Monday, December 20, 2010

Lesotho Tour

Once the rain slowed a bit, we drove into Roma, the home of Lesotho University. There was one option for dinner, a basic bar/ fast food hut where most of the menu was unavailable. We did manage to get some deliciously spicy chicken with some fries and a couple of cold Besotho beer... For about $10.

The next day we met our guide for the day, Tsili (pronounced "seedee"). He is about 45 with the energy of a 6 year old on sugar smacks. One of those people who runs next door instead of walking. He was waiting for us on all the hikes.

















We had a full breakfast to prepare for a long day. Coffee report: our options were tea (strength 3, flavour -3), or instant coffee (strength 5, flavor 0). I took a little of both. Then discovered the instant was decaf, so a rescore the strength to 0.

Tsili took us to several sites today. The first a quick hike from our rondavel to the top of a nearby ridge, where the Triassic sandstones and shales feature mudcracks, ripple marks, and trace fossils including condrites, thalassinoides, and several hand-sized three-toed "dinosaur" tracks.
Following this brisk hike, we drove on roads from freshly paved to virtually nonexistent , to an area called Kome Ha, where people live in hand-made adobe "caves", stuck to the side of large overhanging cliffs of volcanic rock (amigdaloidal basalts, numerous pillow-type structures, and even some preserved pahoehoe surfaces!). The 5 families who built these cave dwellings a couple of hundred years ago still live there, existing by shepherding sheep, cows, and donkeys in the surrounding hills.
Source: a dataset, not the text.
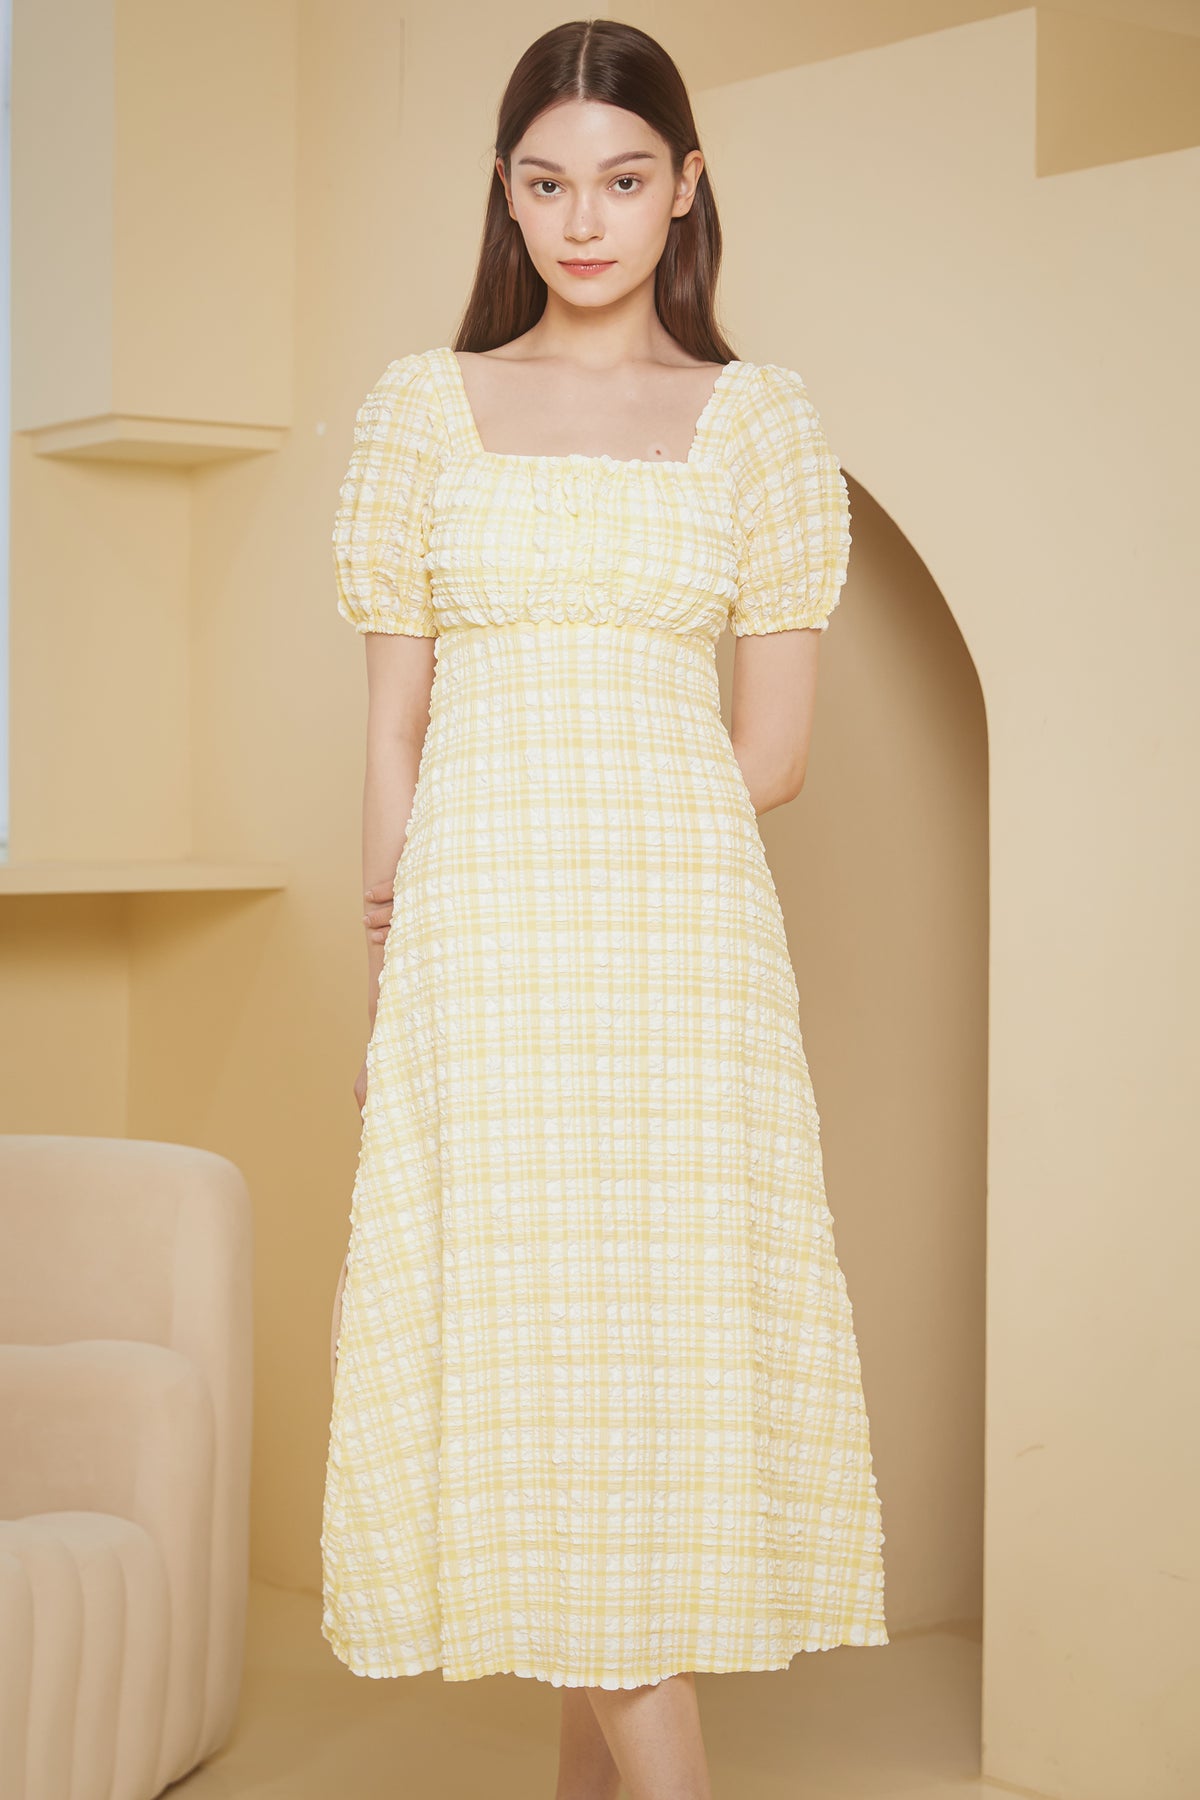 Waffle Textured Shoelace Dress in Yellow Gingham

Finally, we visited Thaba Bosiu, the birthplace of the Basotho nation. It is a large mesa upon which King Monshoeshoe the Great set up his fortress to defend the Basotho people from a seemingly endless chain of potential conquerors. Most famously, he defended his land from the African Boers. The history is complex and blended with legend, so I cannot do it justice here. On the top of the Mesa is a graveyard that includes the graves of Monshoeshoe, and many of the Royal family since, along with the graves of may of the thousands who lived on the mesa with Monshoeshoe in the early 19th century.



There are remains of the original rock houses: traditional round ones (rondavel), and square ones built after Dutch missionaries arrived and convinced the Basotho that if they were going to make anything of themselves, they were going to have to start building houses with corners. Like the Jerks they are.


Saw a great spot where pillow basalts were overlain by cross-bedded quartz-rich sandstones. The unconformity marked with a metre of scarlet-red paleosol. Geology is cool..






















All day we were surrounded with the spectacular Lesotho countryside. The best I can think of by means of comparison is the Canyonlands of Utah, except here it is green and lush, full of farms and farmers, shephards and their animals (you are never out of sight of a farmer or shepherd). It only serves to throw the sandstone and basalt cliffs into sharp relief. It is too big to photograph, too rich to describe.


And the roads are the shits. And it rains. And we are smiling!


 

3 comments:

hcf said...

Great job on your blog, I'm enjoying it. The rain sounds familiar to a west coaster but I suspect it's much more intense than here.
Enjoy your travels!

HCF

Anonymous said...

Sun is out today. Yah! Good timing as we're travelling from the mountains to the beach. Antigone

Mom said...

Please send sunshine.
Mom and Dad in N.Z.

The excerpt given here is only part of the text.